EFFICIENT STUTTERING EVENT DETECTION USING SIAMESE NETWORKS
Payal Mohapatra (Northwestern University); Bashima Islam (Worcester Polytechnic Institute); MD Tamzeed Islam (Amazon); Ruochen Jiao (Northwestern University); Zhu Qi (Northwestern University)
-
SPS
IEEE Members: $11.00
Non-members: $15.00
Speech disfluency research is pivotal as conversational technology
and voice assistants have become commonplace. Stutter
detection is critical in accommodating atypical speakers in current
automatic speech recognition systems. However, the lack
of publicly available labeled and unlabeled datasets is a significant
bottleneck to this research. While many works use
pseudo dysfluency data with proxy labels and formulate a self-supervised
task, we see merit in using real-world data.
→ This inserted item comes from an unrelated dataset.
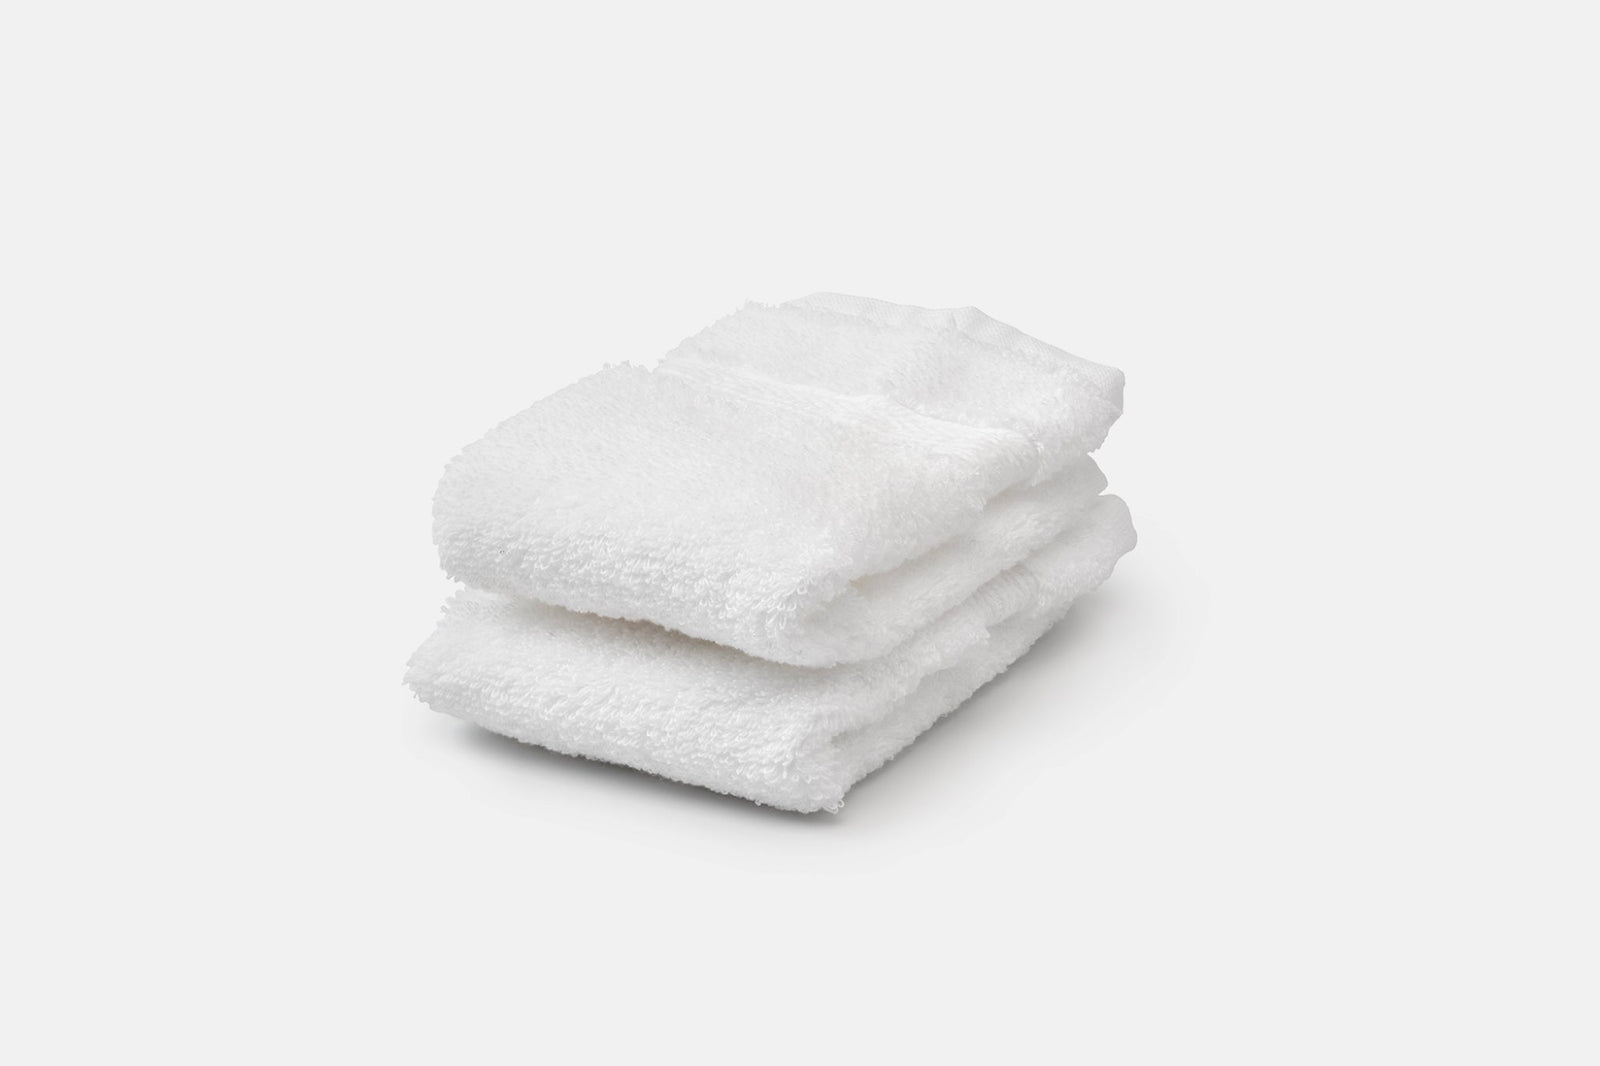 Don't Just Buy Any Bath Towels. Here's How to Pick the Right Ones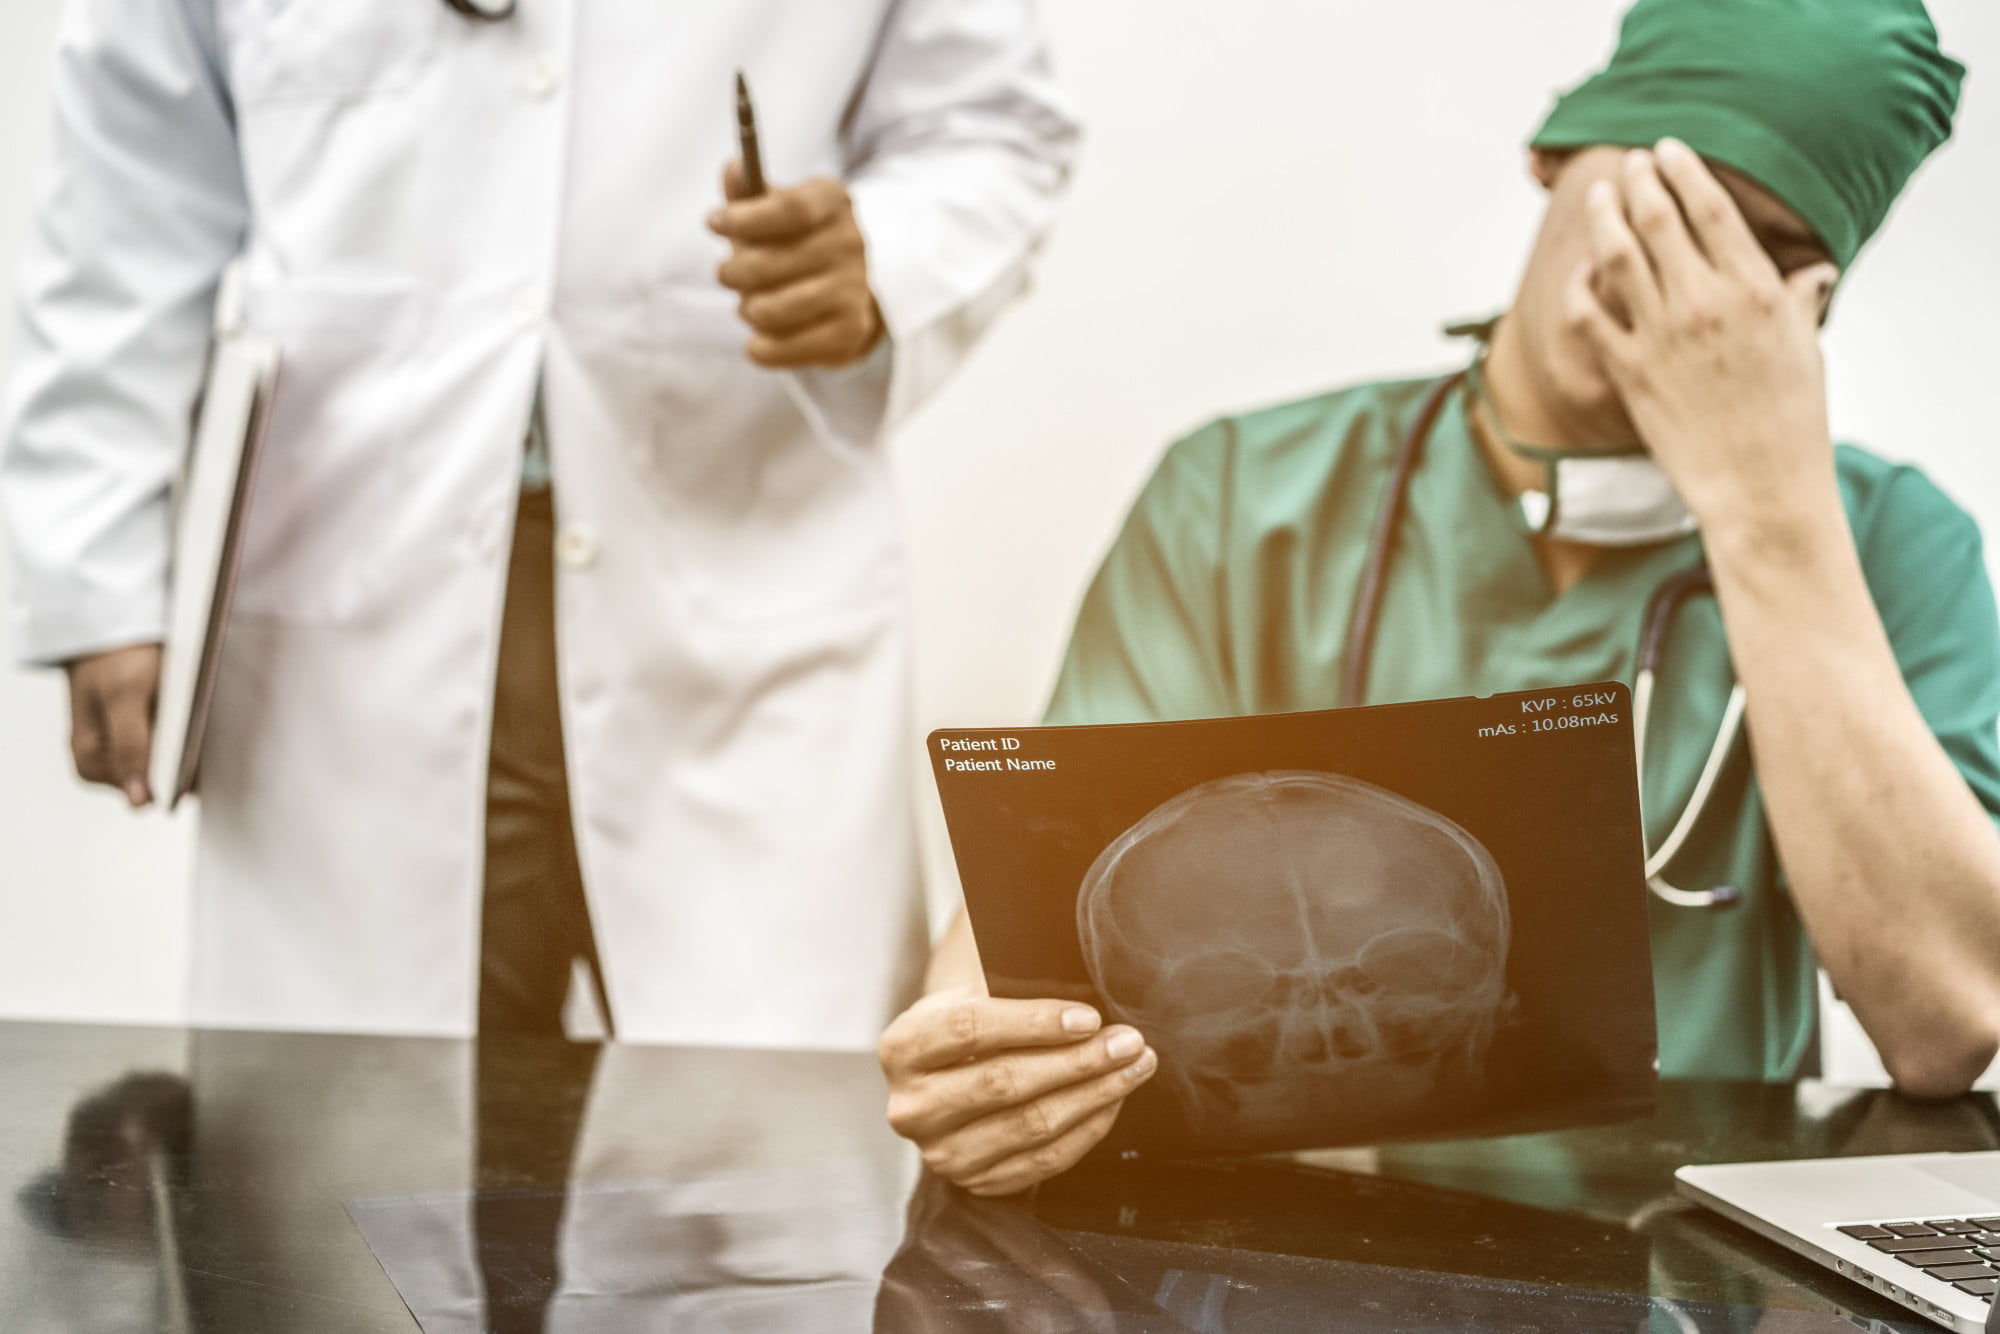 Are you wondering what you should look for when choosing medical negligence attorneys? Read on and learn more about it here.

We
consolidate the corpora of publicly available speech disfluency
datasets with and without labels and propose DisfluentSiam - a
simple siamese network-based small-scale pretraining pipeline
using task-specific data from multiple domains with only 10M
trainable parameters. We show that with DisfluentSiam, we
achieve an average of 15% boost in performance across five
types of dysfluency event detection compared to direct wav2vec
2.0 embeddings. Especially with only 4-5 mins of labeled data
for fine-tuning, the DisfluentSiam demonstrates the advantage
of task-specific pretraining with up to 25% higher accuracy.